TWISS #46: Aging Better
How loneliness hurts the elderly, and how their wisdom improves lives.
Welcome to This Week in Social Science, where we turn toward the question of aging. In A Man on the Inside, the Netflix adaptation of the 2020 film The Mole Agent by Maite Alberdi Soto, the viewer is guided through a warm-hearted comedy addressing aging in modern society, with an especially sharp look at the impacts of social exclusion and loneliness. This week, we take a look at cross-cultural research highlighting the devastating impact of loneliness on the elderly, and how creating conduits for elderly people to share their wisdom can improve attitudes toward the elderly and the lives of those who learn from them.
Colleen E. Hayes/Netflix
Isolation and Cognitive Decline
Social isolation hurts, regardless of age. But for the elderly, social isolation may also come with severe consequences to cognitive health and wellbeing. In many societies with rapidly aging populations, social isolation of the elderly and the cognitive decline that comes along with it poses threats to the wellbeing of the elderly and to social welfare systems of the state.
In a recent study conducted across 24 countries with 101,581 people, researchers found evidence supporting the concern that social isolation can lead to cognitive decline, with a consistent negative relationship emerging between social isolation and cognitive decline. However, researchers also found evidence that we can combat social isolation at the micro-level (family, neighborhood), meso-level (community), and macro-level (institutions and cultural norms). Having strong familial support networks, community structures which encourage volunteering and interaction, and social welfare systems to support elderly integration in society can all protect cognitive abilities and improve the lives of the elderly and the health of society.1
Intergenerational Wisdom Sharing
In 1972, Donald Cowgill proposed that as modernization increases, the perceived value and respect for the elderly declines. He argued that less modernized societies valued knowledge that was transferred down across the generations more. The elders, who held much of that knowledge, were therefore more valued. By contrast, modernization values technical knowledge which rapidly changes and updates, so the knowledge of the elders, and the elders themselves, are valued less.

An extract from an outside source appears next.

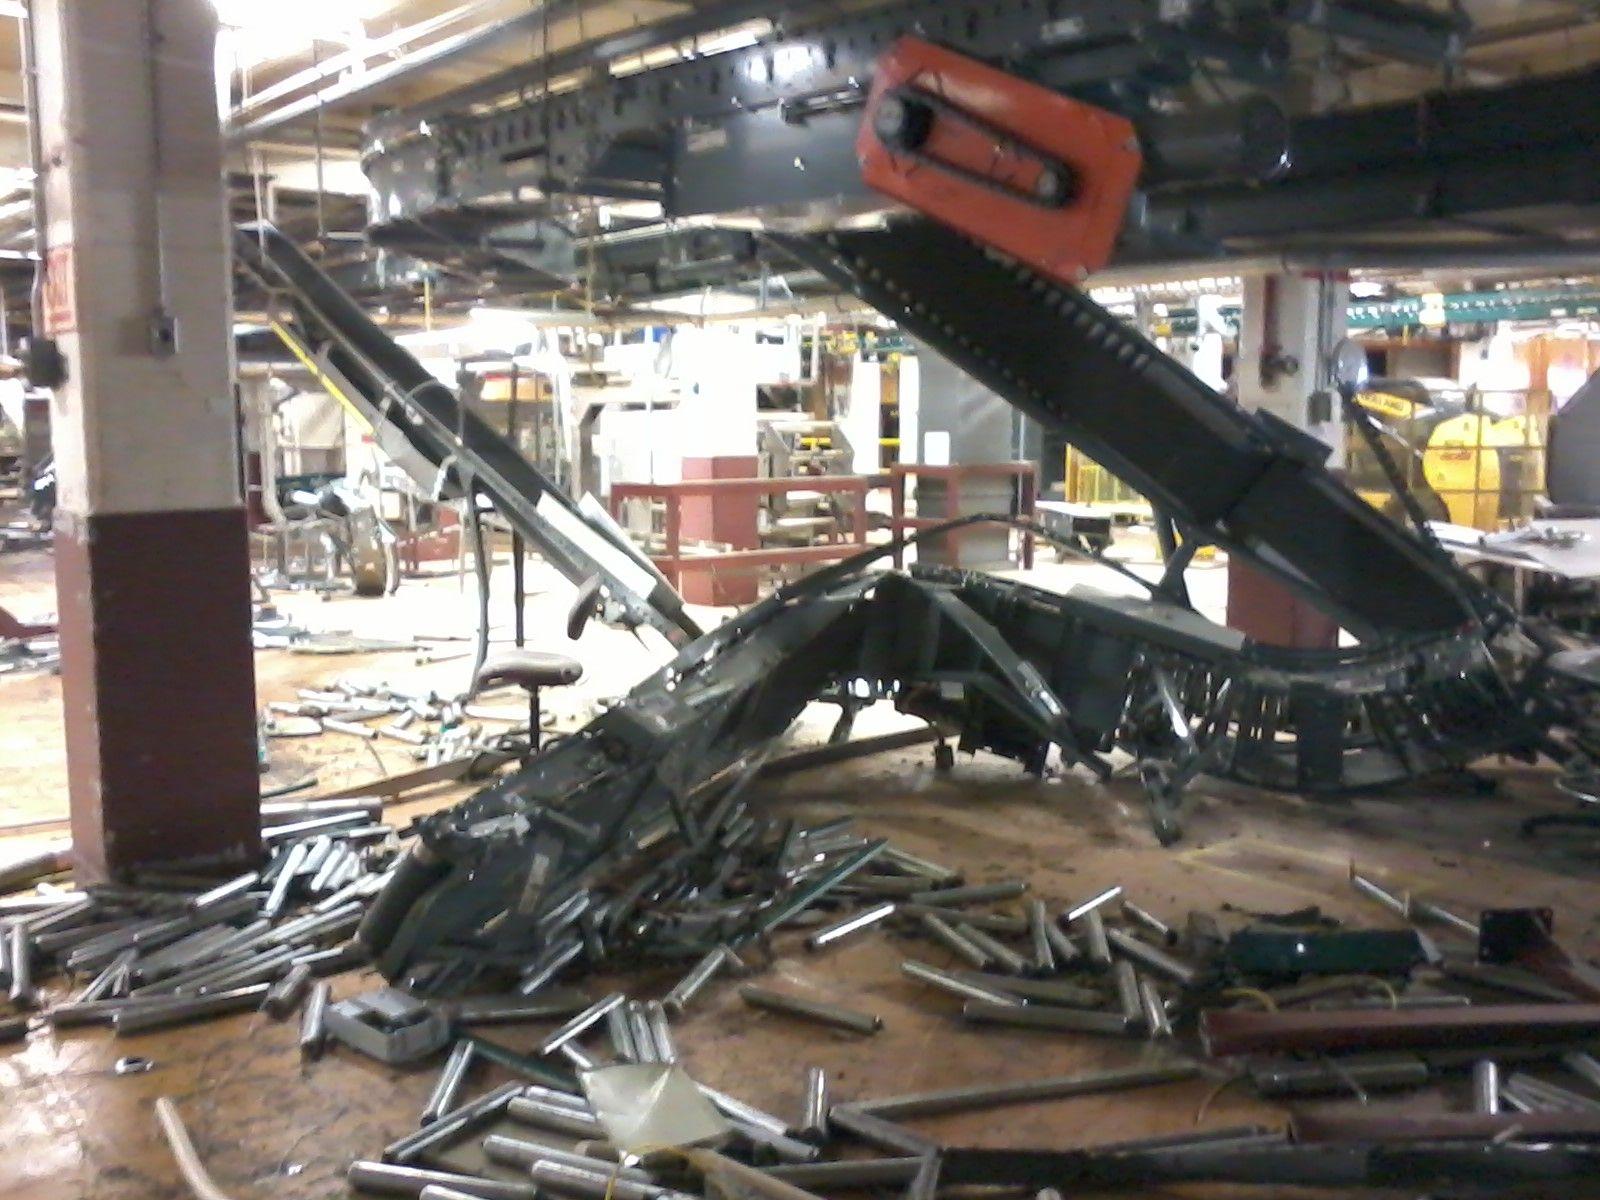 Scrapped Conveyor Belt In Building 33 Tm 2012 Chocolate Factory Hershey Factory American Chocolate

But that approach might be missing out on valuable wisdom and perspectives that we can learn from our elders. Researchers designed a randomized controlled study where middle- and high-schoolers worked collaboratively to develop interview questions and were paired with older adults for a one hour interview where the teenagers asked for advice and life lessons on bullying, discrimination, love, healthy relationships with family and partners, and politics.
Results from the experiment showed that, both compared to the control condition and to their pre-test attitudes, the teenagers who interviewed older adults and asked their advice and life lessons had more positive perceptions of the elderly and working with the elderly, and also felt that they had more of a sense of purpose in life. This study provides early experimental evidence for the value of engaging with and learning from our elders.2
Takeaway
Time and tide wait for no man, the medieval proverb says. The way that we treat our elders today may well be how we are treated in the years to come. We can help build familial, communal, and societal structures that are better designed to meet our needs as we age, but we can also remind ourselves and the people around us that even in a modernizing society, many of the dilemmas that we will face, whether about relationships, identity, love, or suffering, are as old as time itself, and we can benefit so much from the wisdom of our elders to guide us through our lives.
Zhang, W., Zhang, J., & Gao, N. (2025). Social isolation and cognitive decline in older adults: a longitudinal study across 24 countries. BMC Geriatrics, 25(1), 775.
Pillemer, K., Nolte, J., Schultz, L., Yau, H., Henderson Jr, C. R., Cope, M. T., & Baschiera, B. (2022). The benefits of intergenerational wisdom-sharing: A randomized controlled study. International Journal of Environmental Research and Public Health, 19(7), 4010.